## Exercise aim
Every line of the listing is returned unchanged, and every picture is dropped.

## Source material
----

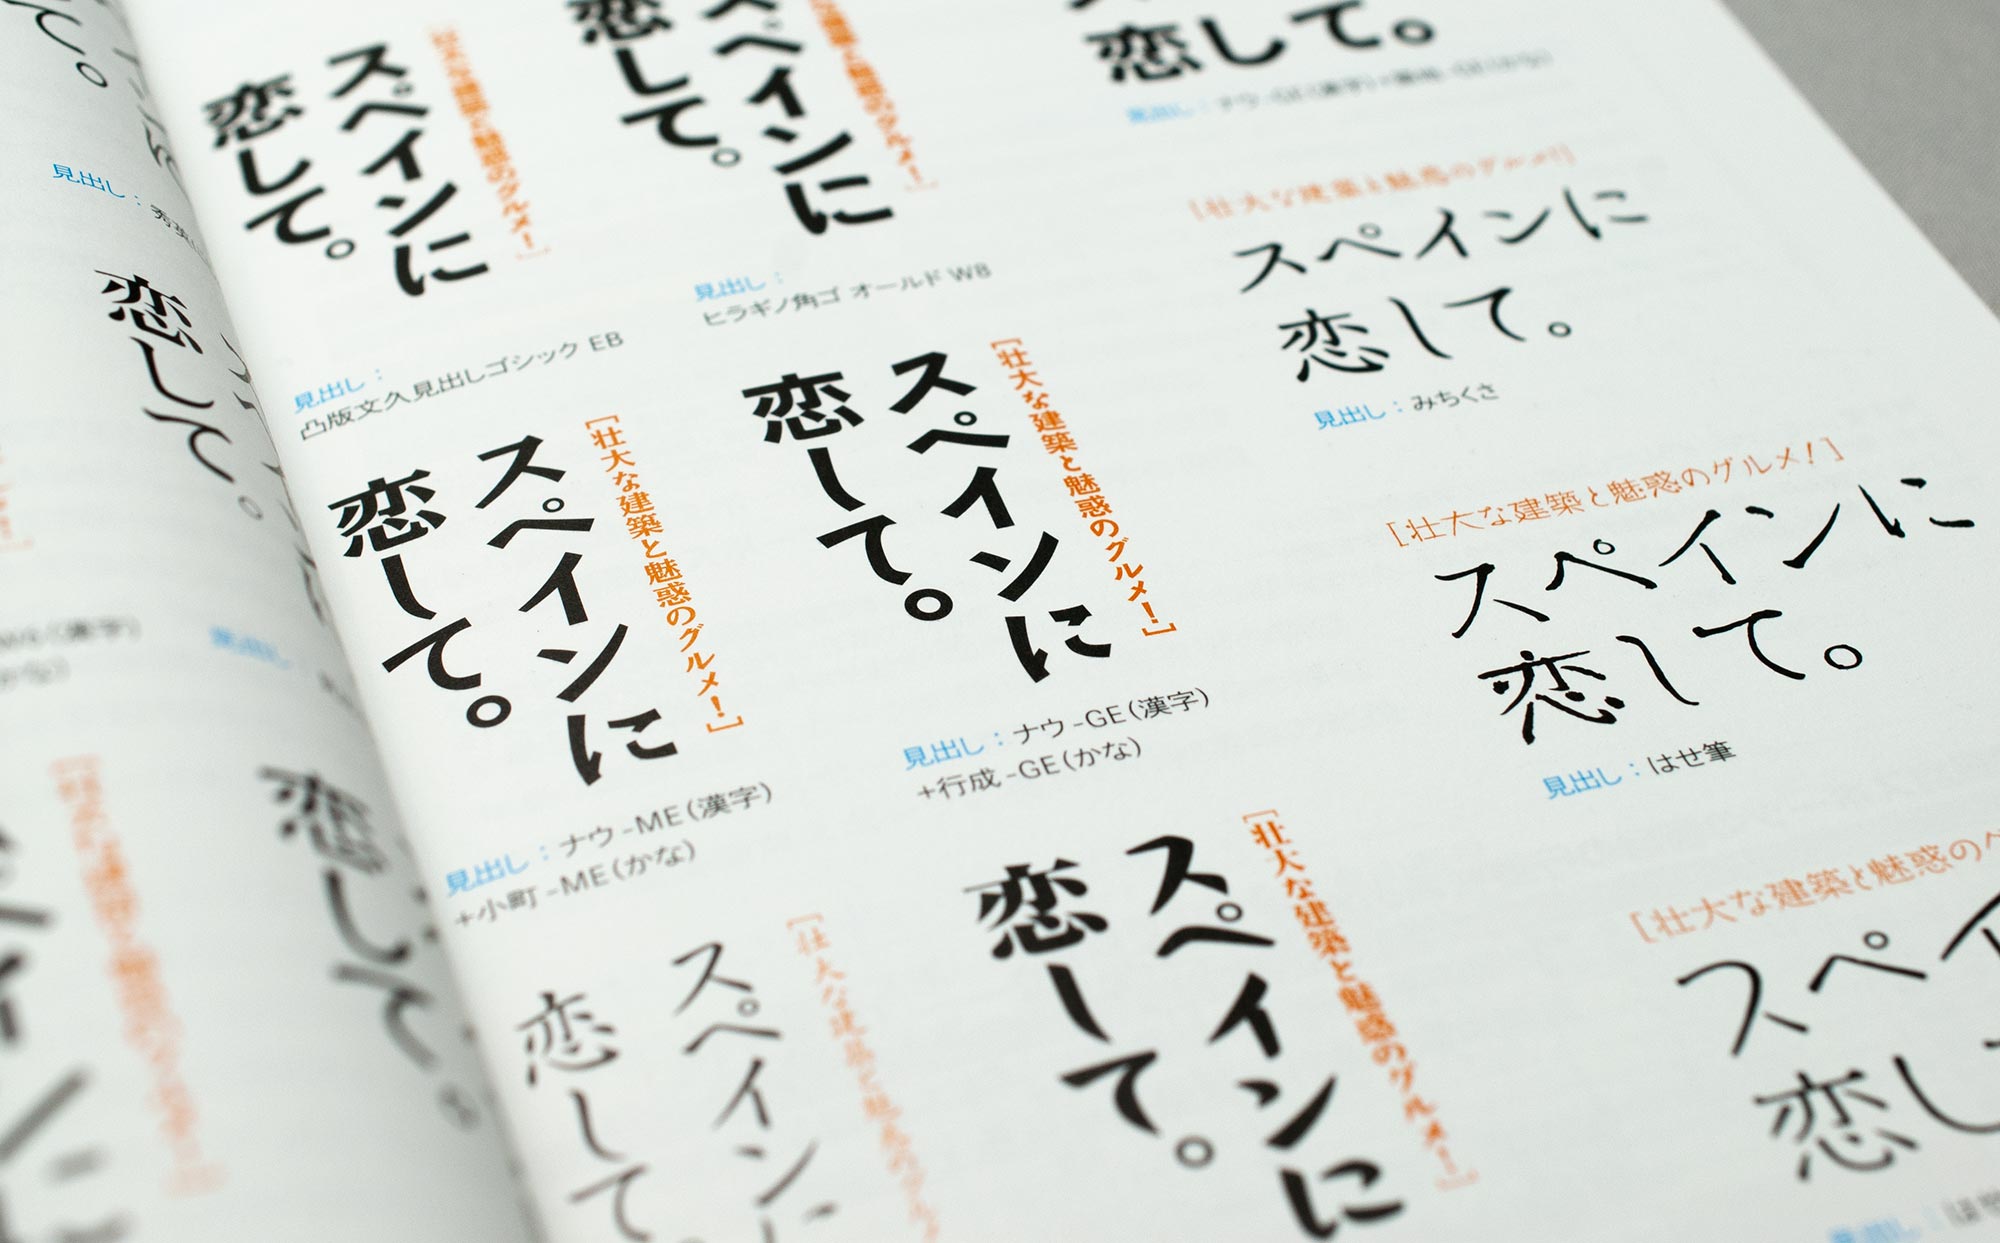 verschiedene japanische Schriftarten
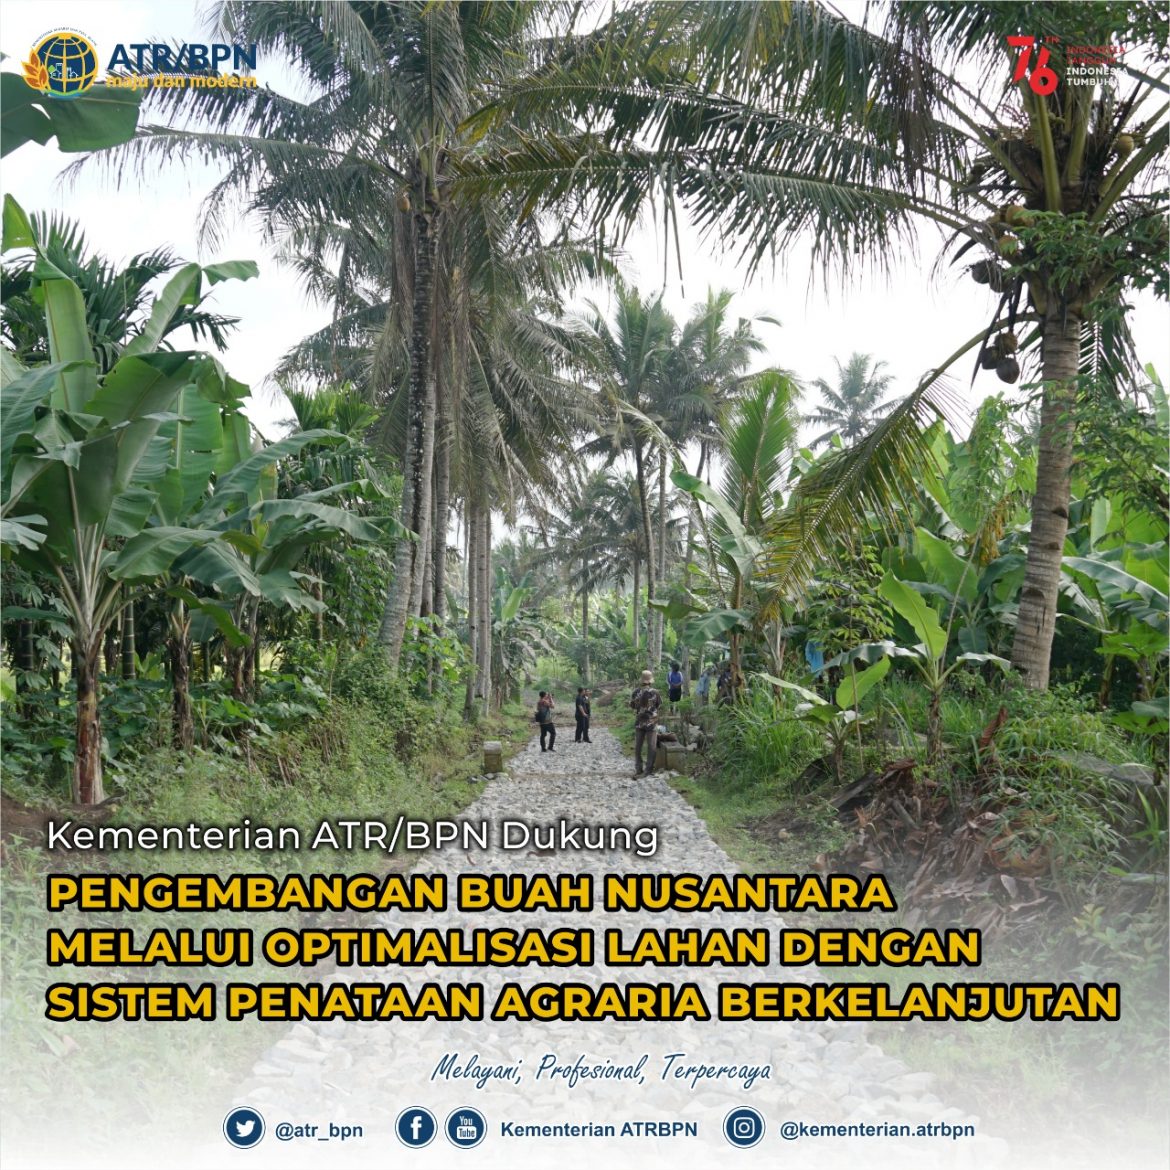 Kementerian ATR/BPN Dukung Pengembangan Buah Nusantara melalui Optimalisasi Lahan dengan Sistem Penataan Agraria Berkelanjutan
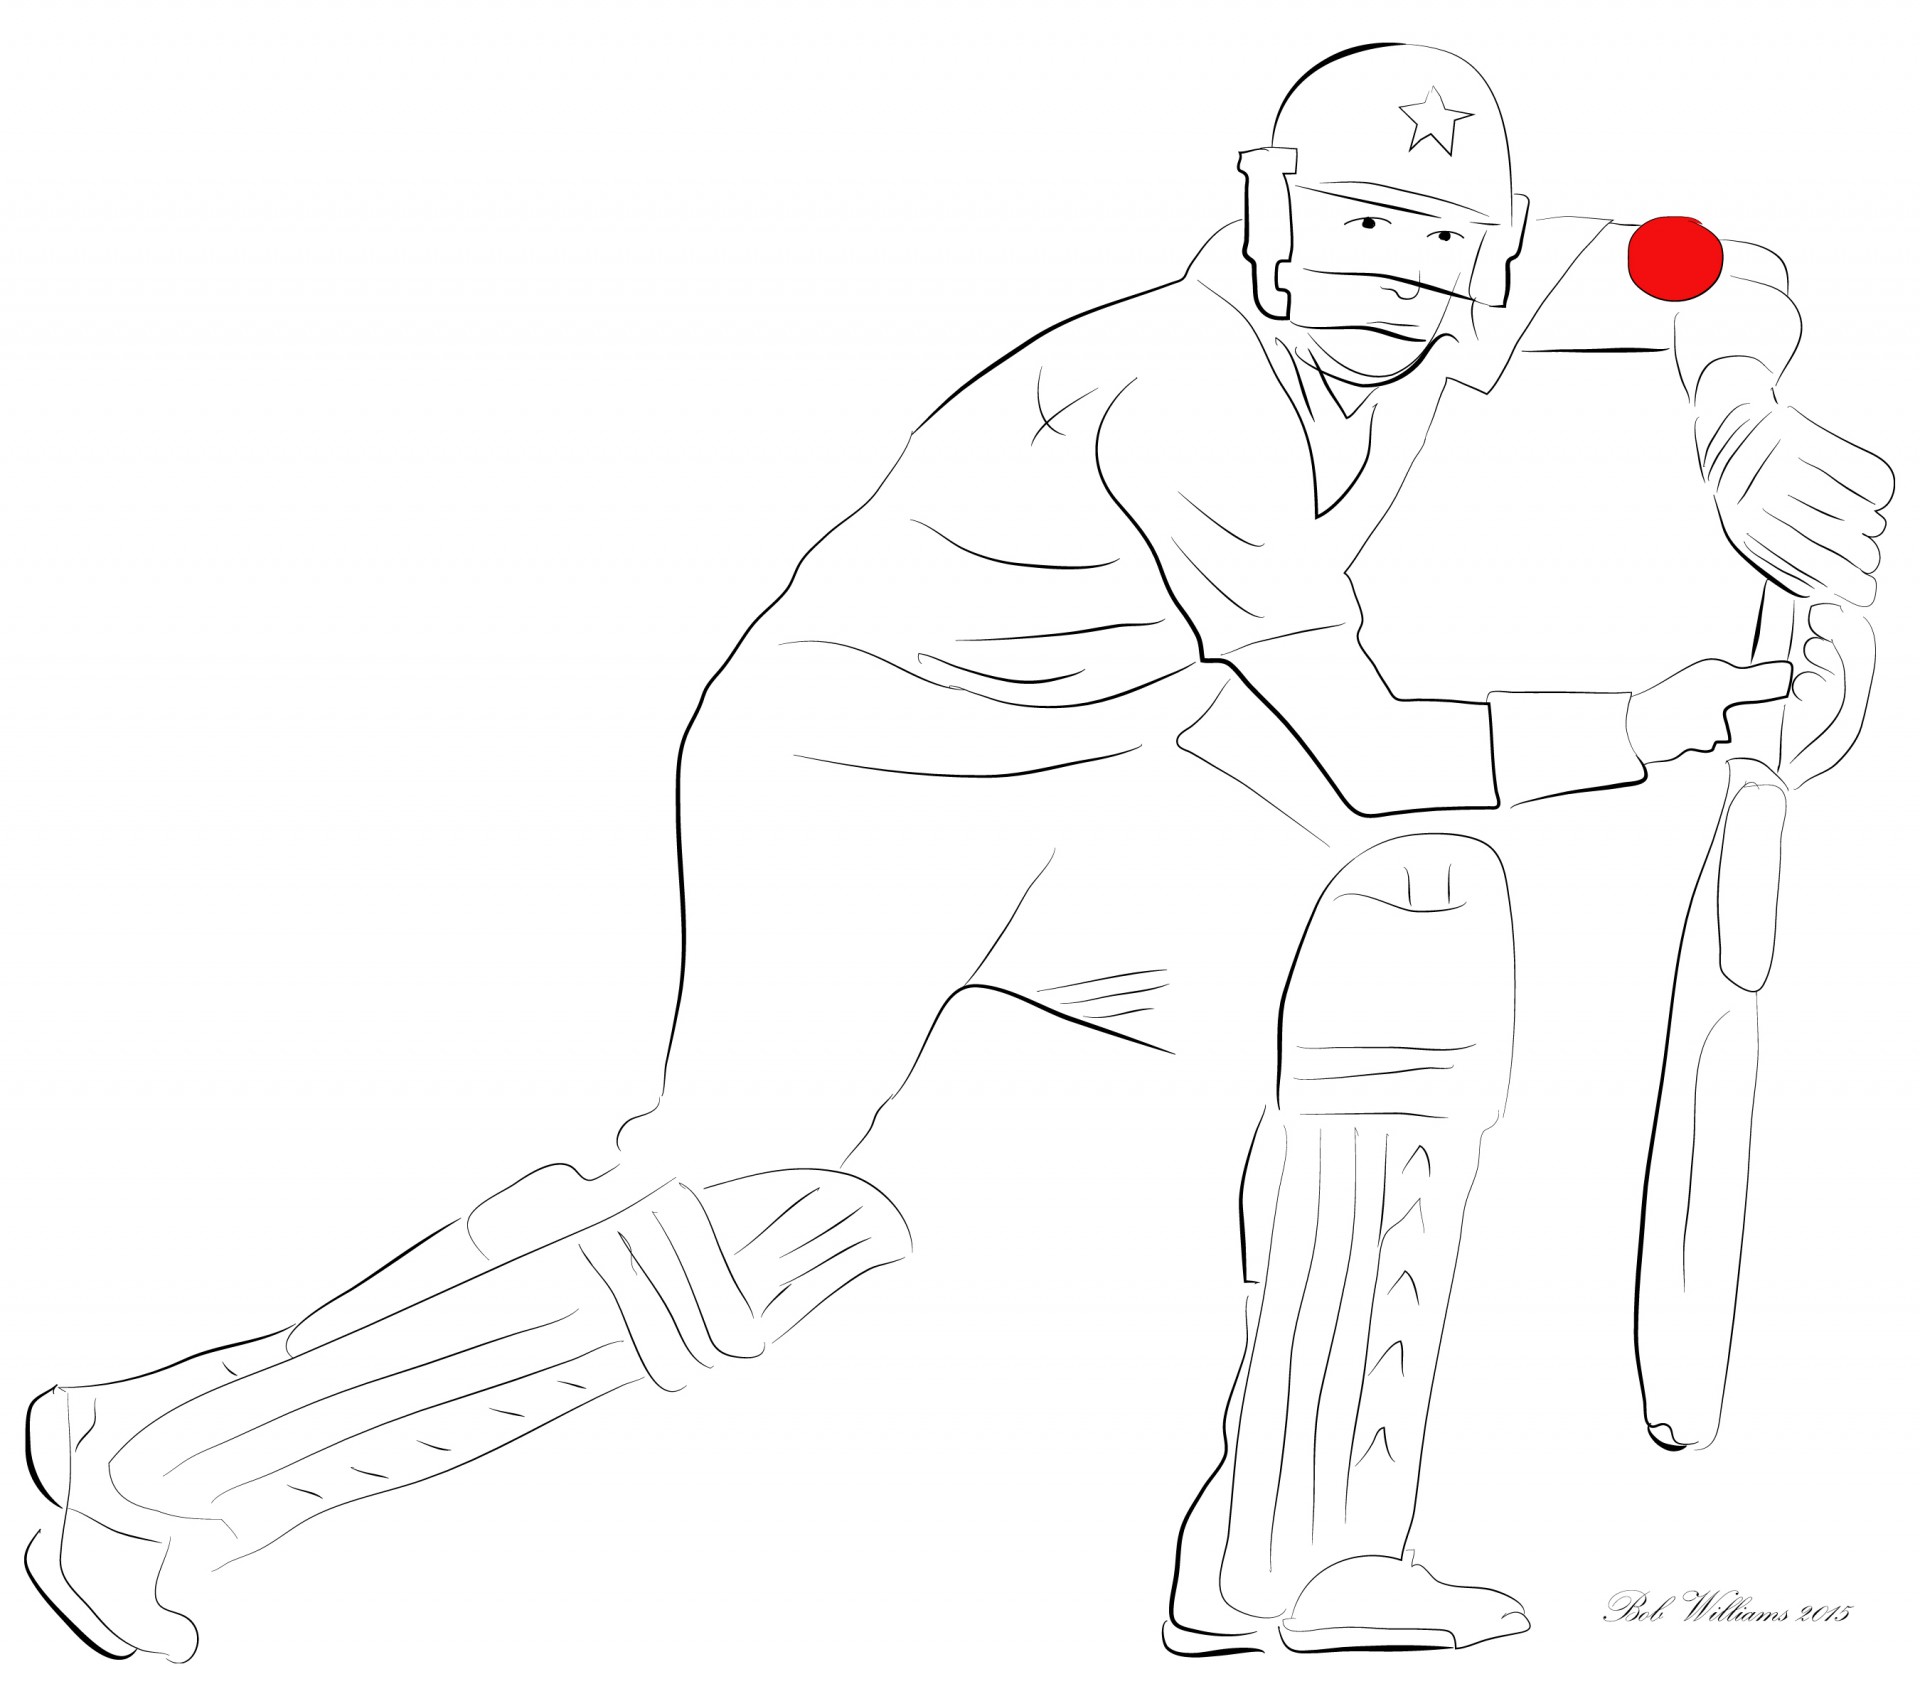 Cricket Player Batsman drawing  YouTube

----

## Answer space
 verschiedene japanische Schriftarten
 Kementerian ATR/BPN Dukung Pengembangan Buah Nusantara melalui Optimalisasi Lahan dengan Sistem Penataan Agraria Berkelanjutan
 Cricket Player Batsman drawing  YouTube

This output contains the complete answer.